The text briefly discusses disaster recovery on pages 28 and 29. We are advised to determine which parts of our network are critical to its being functional, and to determine how to work around the failure of those parts in a disaster. As noted above, we need to decide what we must have, what we can do without, and what we are going to do when the parts we must have fail, cannot function, or are destroyed. The text advises us to prioritize our needs, to establish backup devices and data stores, and to test the solutions we choose to enable. Note that this text is referring to the processes that take place during and after the disaster as disaster recovery. Other texts we have seen break this into two parts: business continuity (while the disaster is still taking place) and disaster recovery (when we clean up and try to return to normal after the disaster is over).

Returning to availability, the text again considers measuring the percentage of time a system is available. Customers tend to assume that a system will be available at all times. They need to be made aware that some downtime should be expected, and how much. As noted above, a customer may care about how long a system is down, but they may care as much about when the downtime occurs and why it occurs.

Does the expected downtime represent scheduled maintenance, or does it represent the rate at which this system regularly fails? The difference tells us whether the customers need to adjust their expectations or the network administrators need to correct a problem.
For a company that never closes, there is no good time for scheduled maintenance, but there will still be times that are better than others. Pick times when the system is not busy, or make a case for more redundancy that would allow parts of the system to be off line for the expected maintenance.
Is the reported down time an average or a total that misrepresents the behavior? If the system is down for a total of an hour each month, is that a few seconds at a time or an hour all at once?
What number and what measurement are most important to the customer? We should specify both up time and down time, but we should do so in units that mean something to the customer and that tell the truth about the system's performance.

In the example on page 29, the system in question has 99.70 percent up time. The text ponders whether this is all at once or randomly distributed. Either condition could be reported as an average of 30 minutes per week, or 10.70 seconds per hour of down time. The second measure does not sound so bad, but they are only two ways of looking at the same measure, neither of which may be telling us what we want to know. The customers want to know how long they will have to wait when the system is down, and how often this happens.

Some systems must have extremely low down times and extremely high up times. The text introduces the idea of five nines up time on page 30. This means the system must be up 99.999 percent of the time. The text explains that this is a down time of about 5 minutes per year. (Just over 5.25 minutes per year, actually.) Follow the link above to an article on Wikipedia to see this level of service compared to lower and higher levels. We are cautioned that five nines had better not include scheduled maintenance time, and even then it may not be possible, unless we can do maintenance while the system is running. This level of up time sounds desirable, but it is not attainable without high levels of redundancy that the customer may not be able to cover in a reasonable budget. The text suggests that the level of redundancy required might be acceptable if the service is provided to multiple clients at once using the same hardware. This is what the text means by "collocation centers", locations at which the hardware and software provide failover service to multiple clients.

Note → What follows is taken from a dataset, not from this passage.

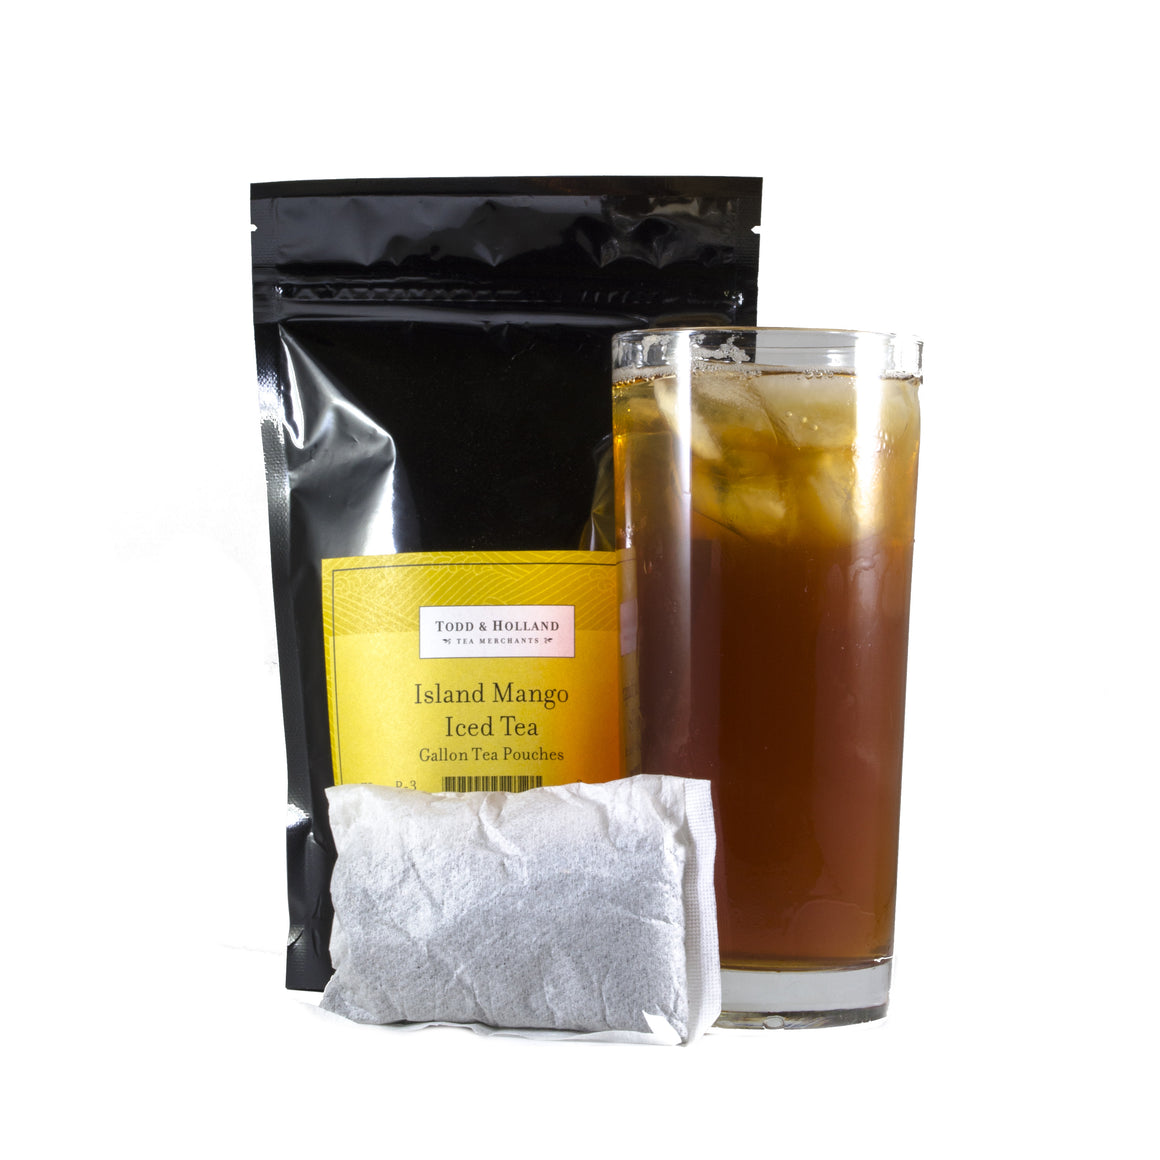 Island Mango Iced Tea Gallon Pouches - Todd & Holland Tea Merchants

More new terms are used in the discussion that begins on the bottom of page 31.

MTBF - Mean Time Between Failure is a statistical phrase that usually has to do with the average number of hours a device can be expected to run before it fails. (A mean is what most people think of as an average.)
MTTR - Mean Time To Repair makes sense if you understand MTBF already. This is the average time it takes to repair a device or service once it has failed.
MTBSO - Mean Time Between Service Outage is sometimes used instead of MTBF when we are talking about the average time between service failures instead of device failures.

The text explains on the next page that if we have values for MTBF and MTTR, we can calculate availability as:

Availability = MTBF / (MTBF + MTTR)

A problem with this concept is that this works well for a single product because we would rely on statistical data from the manufacturer or from an unbiased source like Underwriters Laboratories. A network is not a single product. It is a compilation of many devices and services, and we should not rely on the data about any one of those devices as a definitive measure of that network. You may not be able to construct data about a network because it will change many times in the span of time required to collect such data. This approach is best used for individual devices and components with known values.

Performance

The author tells us that we should consider our discussion of performance in the light of the plans for expansion that we gathered from the customer in the first chapter. We should not put undue effort into analyzing the performance of a system we are about to change, but we should understand it before we change it, which will be addressed in the next chapter.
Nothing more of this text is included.